With the mp3 i use a mini amp i bought at radio shack. It run's on 9v batteries.


----------



## wingaddict (Sep 16, 2009)

Chuck Smith said:


> > how do you power your amp?
> 
> 
> With the mp3 i use a mini amp i bought at radio shack. It run's on 9v batteries.


gotcha. I think I'll stick to my garden tractor battery.


----------



## Chuck Smith (Feb 22, 2005)

I used to run two car stero's with 3 speakers on each and two tractor battery's and one as a back up.
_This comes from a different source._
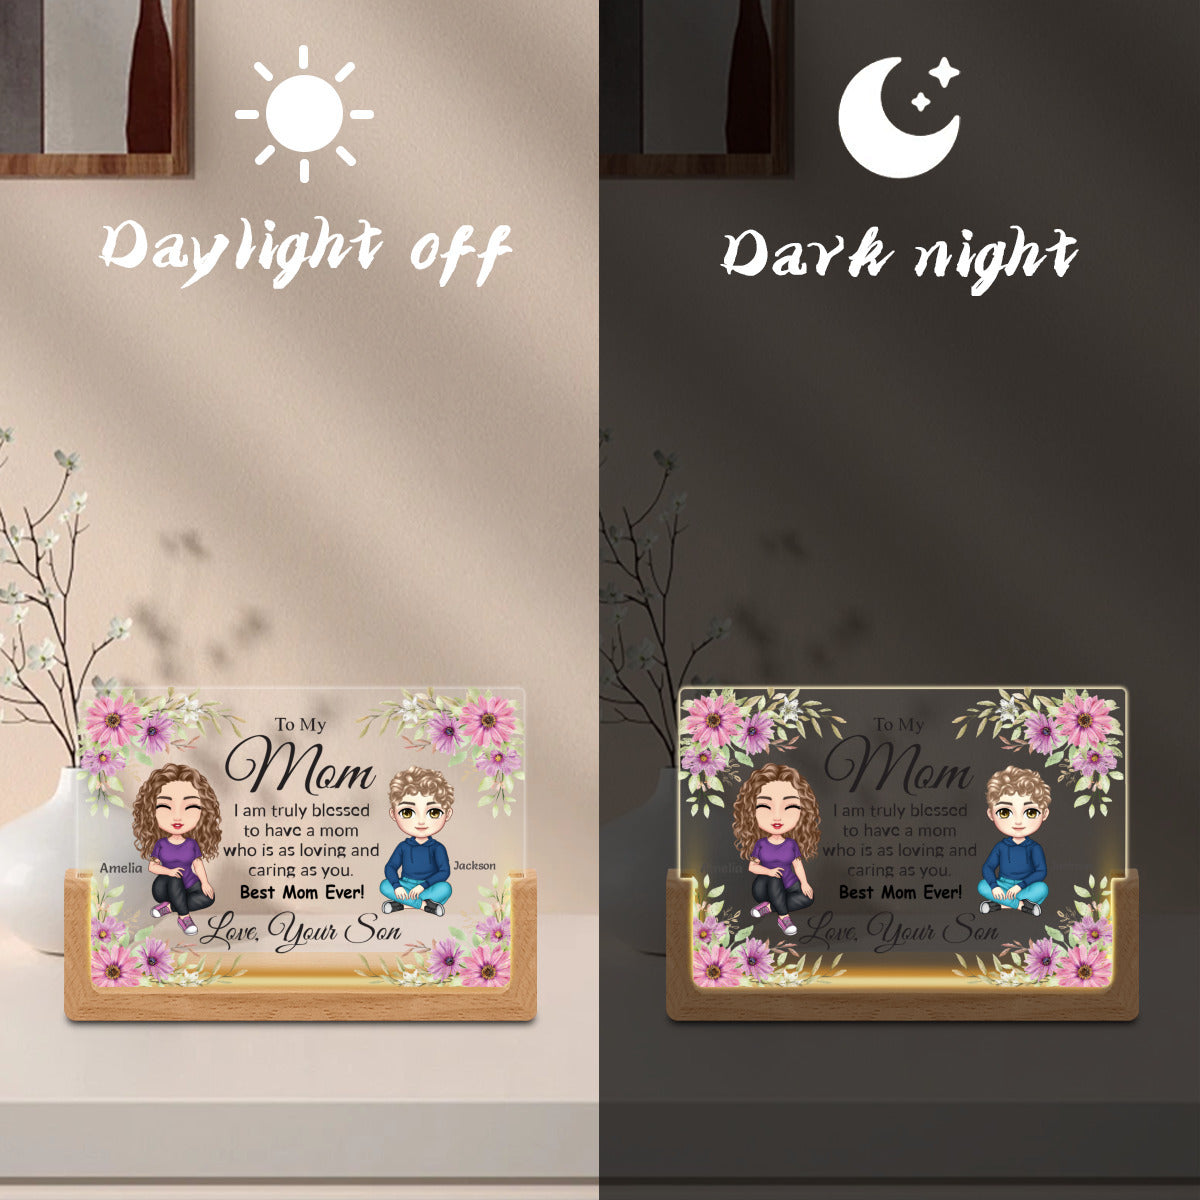 I am Truly Blessed to Have a Mom-Personalized Acrylic Plaque Night Light for Mom

I switched to three mp3's, six speakers total (2 on each) with the mini amps. It cost me less than what the other system was. Just as loud and I can turn up and down the volume with the mp3 easier. Also with the mp3 system can run all day long on one AAA and one 9v. I switched battery's every day this spring just because I did not want them to die on me at an inappropriate time. Also the weight of the system is cut down to nothing more than the speakers!


----------



## aboller (Dec 24, 2006)

depends if you usually use an atv to get your gear in and out of the field or if you often walk or pack your gear in. I use a large deep cycle battery about the size of car battery. Most guys dont like this idea but I usually hunt snows pretty hard and get out quite a bit and my battery lasts me all season without recharging. For me this is huge as I HATE screwing around with crap like that especially on a daily basis. If you have access to an atv it is the only way to go imo.

Adam


----------



## goosehunternd (Mar 10, 2006)

I rock a deep cycle marine battery, works good for me.


----------